Before and after the training period, Bioelectrical Impedance Analysis (BIA), blood test analysis and strength tests (1RM) were performed. Muscular strength tests were also repeated before the randomization process to ensure equivalent baseline strength between groups prior to the intervention period.

2.3. Measurements

Before and after the training period, all subjects participated in the same testing visit. All subjects were instructed to arrive fasted and not to perform any exercise for 8 h before the testing. On the test day, participants arrived at the laboratory around 8:00 am.

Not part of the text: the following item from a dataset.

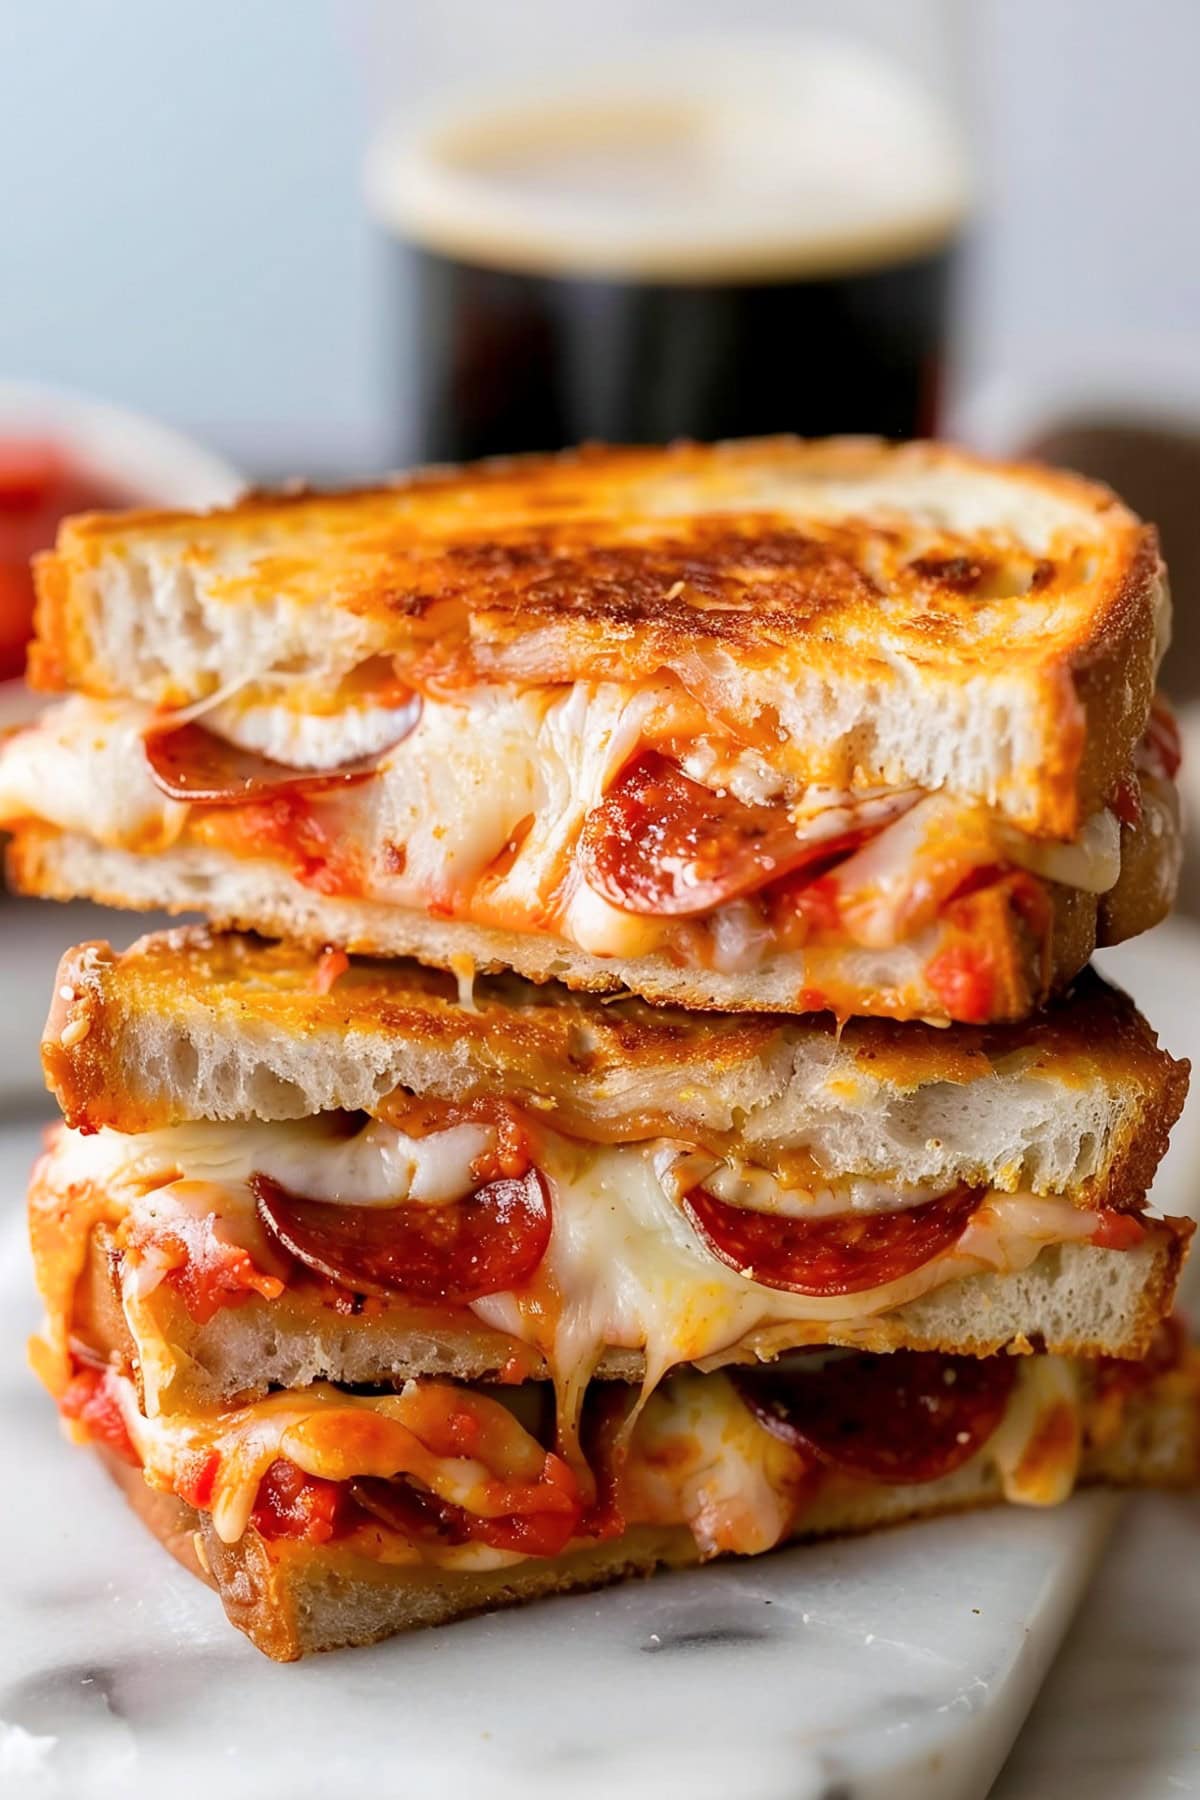 Homemade pizza grilled cheese, a fun twist on the classic sandwich that's easy to make and full of flavor

2.3.1. Anthropometry and body composition

Height and body weight were measured with a digital electronic scale (Tanita BWB-800 Medical Scales, Tanita Co. Arlington Heights, IL, USA), and body composition was assessed using bioelectrical impedance analysis (BIA, Akern Bioresearch, Pontassieve, FI, Italy). BIA is a reliable, safe, convenient, and non-invasive method that provides estimations of fluid compartments, fat and fat-free mass in healthy subjects (Frisard et al., 2005; Kushner et al., 1990; Paoli et al., 2013a; Piccoli et al., 2007 ;  Stewart and Hannan, 2000). Through the analysis software, we obtained the values of fat free mass (FFM) and fat mass (FM).

2.3.2. Blood biochemistry

Blood samples were taken from antecubital vein and collected into BD Vacutainers Tubes (SST™ II Advance, REF 367953). After blood sampling, samples were centrifuged (4000 RPM at 4 °C using centrifuge J6-MC by Beckman), and the serum was aliquoted and stored at − 80 °C. All samples were analysed in the same analytical session for each test using the same reagent lot, and the intraassay CV was < 7% for all analyses. Before the analytical session, the serum samples were thawed overnight at 4 °C and then mixed. Testosterone, cortisol, growth hormone (GH), insulin-like growth factor-1 (IGF-1), IGF-binding protein-1 and 3 (IGFBP1 and IGFBP3), lipoproteins, insulin, glycaemia, alanine aminotransferase (ALT), aspartate transaminase (AST), gamma-glutamyl transferase (GGT), creatine kinase (CK), creatinine, uric acid and urea were determined. Total testosterone was measured by immunochemiluminescent method (Roche Cobas e601, Roche Diagnostics, Mannheim, Germany), blood glucose by enzymatic method with esokinase (Roche Cobas e702, Roche Diagnostics, Mannheim, Germany), total cholesterol, high-density lipoprotein cholesterol (HDL), low-density lipoprotein cholesterol (LDL) and GGT by enzymatic colorimetric in homogenous phase (Roche Cobas e702, Roche Diagnostics, Mannheim, Germany), triglycerides (TGs) and uric acid by an enzymatic colorimetric method (Roche Cobas e702, Roche Diagnostics, Mannheim, Germany). ALT and AST were measured by pyridoxal phosphate activation according to IFCC, GGT was measured by a IFCC and Szasz standardized enzymatic colorimetric method, CK and Urea by kinetic enzymatic method, creatinine by enzymatic (Roche Cobas e702, Roche Diagnostics, Mannheim, Germany). Apolipoprotein A-1 (APOA1) and Apolipoprotein B (APOAB) were measured by immunophelometric system (Dimension VISTA, Siemens, Healthcare Diagnostics Ltd., Camberley, UK). Free testosterone was determined by RIA (radioimmunological manual method) (Beckman Coulter) and IGFBP3 and IGFBP1 by IRMA (Dia Source). IGF-I was measured using the analyzer Liaison XL (DiaSorin S.p.A, Vercelli- Italy). The test is a sandwich immunoassay based on a chemiluminescent revelation. Insulin was measured with a chemiluminescent immunoassay (Siemens Immulite 2000).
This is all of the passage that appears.